Summary: We migrated SortMyBox to a new application container at 1:31 AM PDT on Sunday, July 28th. Our service became non-operational as of 8:23 AM PDT Sunday morning due to a bug on our hosting platform that led to our usage quota being exhausted. We reached out to our hosting provider and with their assistance were able restore service at 12:10 AM PDT Monday, July 29th. Your data was backed up and safe at all times during the incident.
The Migration
We host SortMyBox on Google Appengine which offers two alternate data storage modes — Master/Slave and High-Replication.
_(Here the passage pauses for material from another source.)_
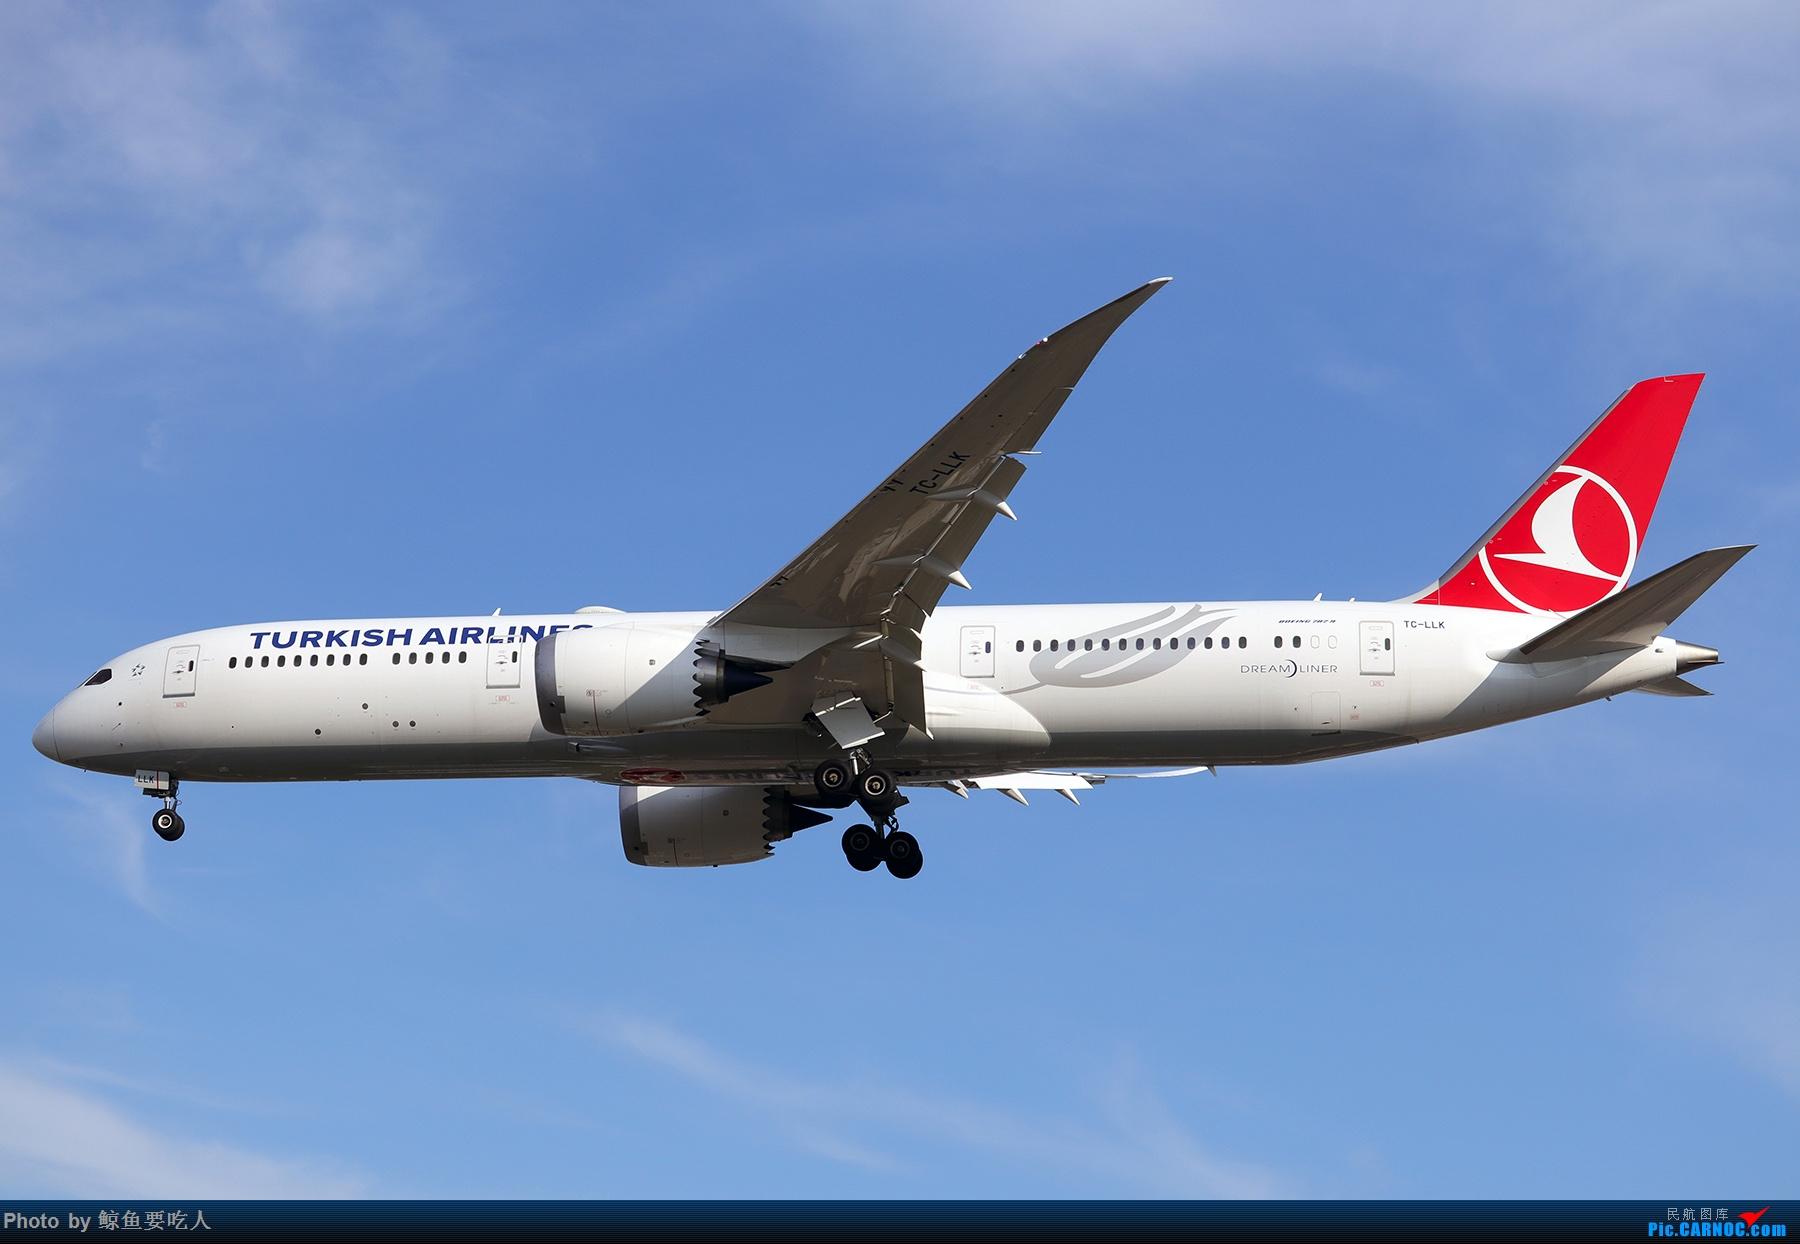 Re:[原创]【多图党】见证疫情后逐步的恢复,加拿大夏日多伦多皮尔逊机场拍机~ 乐见诸航空公司复航多伦多 BOEING 787-9 TC-LLK 多伦多皮尔逊国际机场
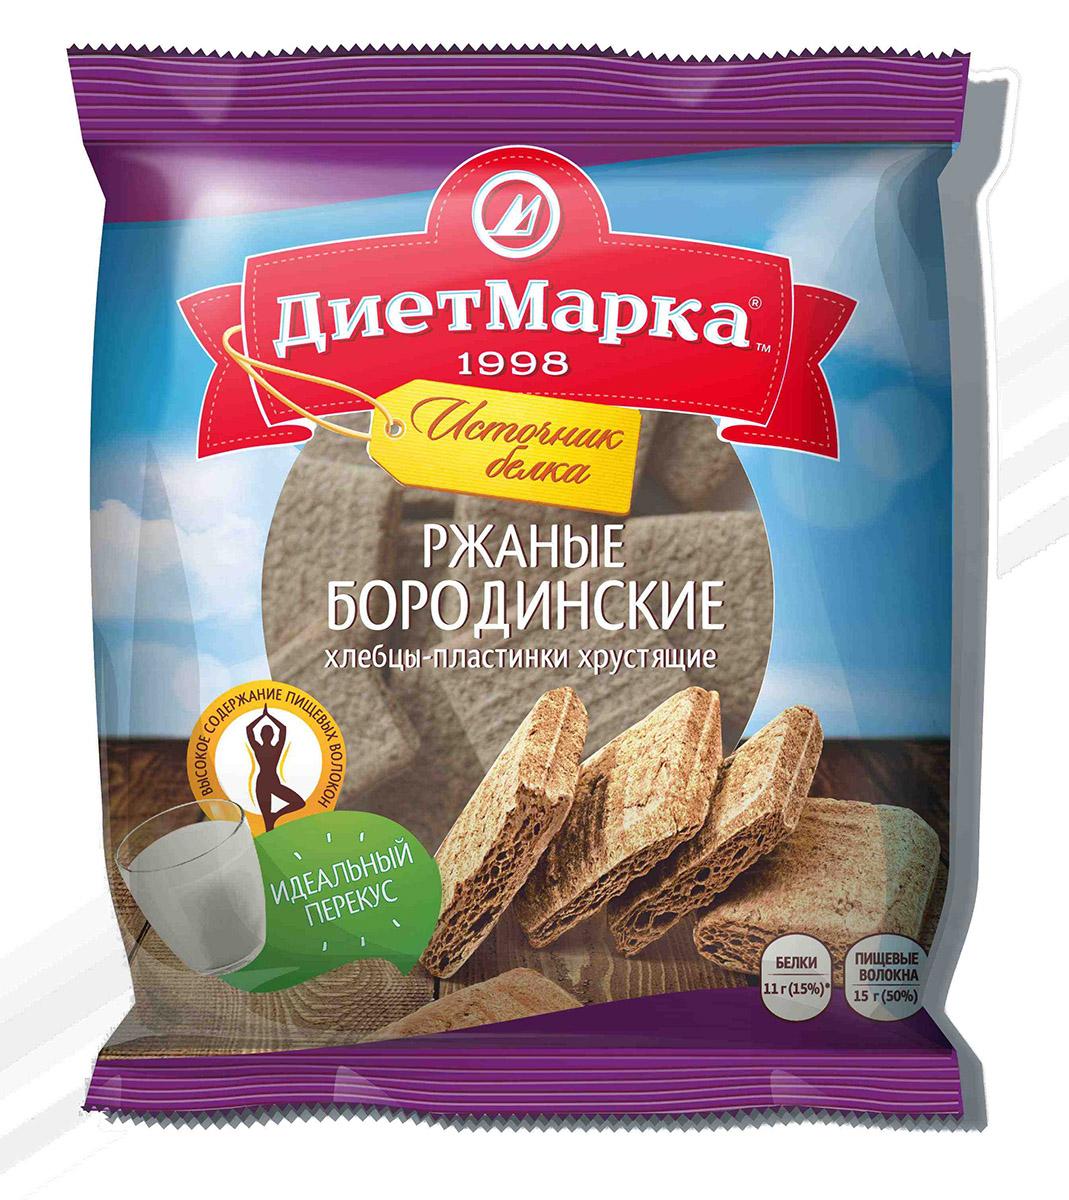 МИНИ Хлебцы-пластинки хрустящие, ржаные БОРОДИНСКИЕ, 75 гр, ДиетМарка фото

While both modes have built-in redundancy and fail safe mechanisms, the High-Replication mode offers better protection against data loss and unplanned downtime. We were initially setup to use the Master/Slave datastore and wanted to take advantage of the reliability benefits of High-Replication. So, Saturday night around midnight PDT, we started the migration process. By 1:31 PDT the process was complete and our application was operating smoothly in the new environment. We had some beers and went to sleep.
The Downtime
At 8:23 AM next morning we awoke to the sound of error notifications flooding our inbox. We quickly discovered that the application was unable to perform any datastore operations because we had apparently exhausted our usage quota. This was quite odd because we budget for 20x usage to accommodate for spikes. We quickly noticed that the billing status of the new application container was stuck in “Activating Billing” which made it impossible for us to make any changes to restore operations.
We reached out to Google Appengine for help via multiple channels and on Monday July 29th, 12:09 AM PDT the billing status issue was resolved. We enabled user logins at 12:10 AM and after verifying data integrity enabled all remaining background processes at 12:35 AM. We want to highlight that your data was backed up and safe at all times during the incident.
Thank you for bearing with us while we were working to restore service, and sorry for any inconvenience this might have caused.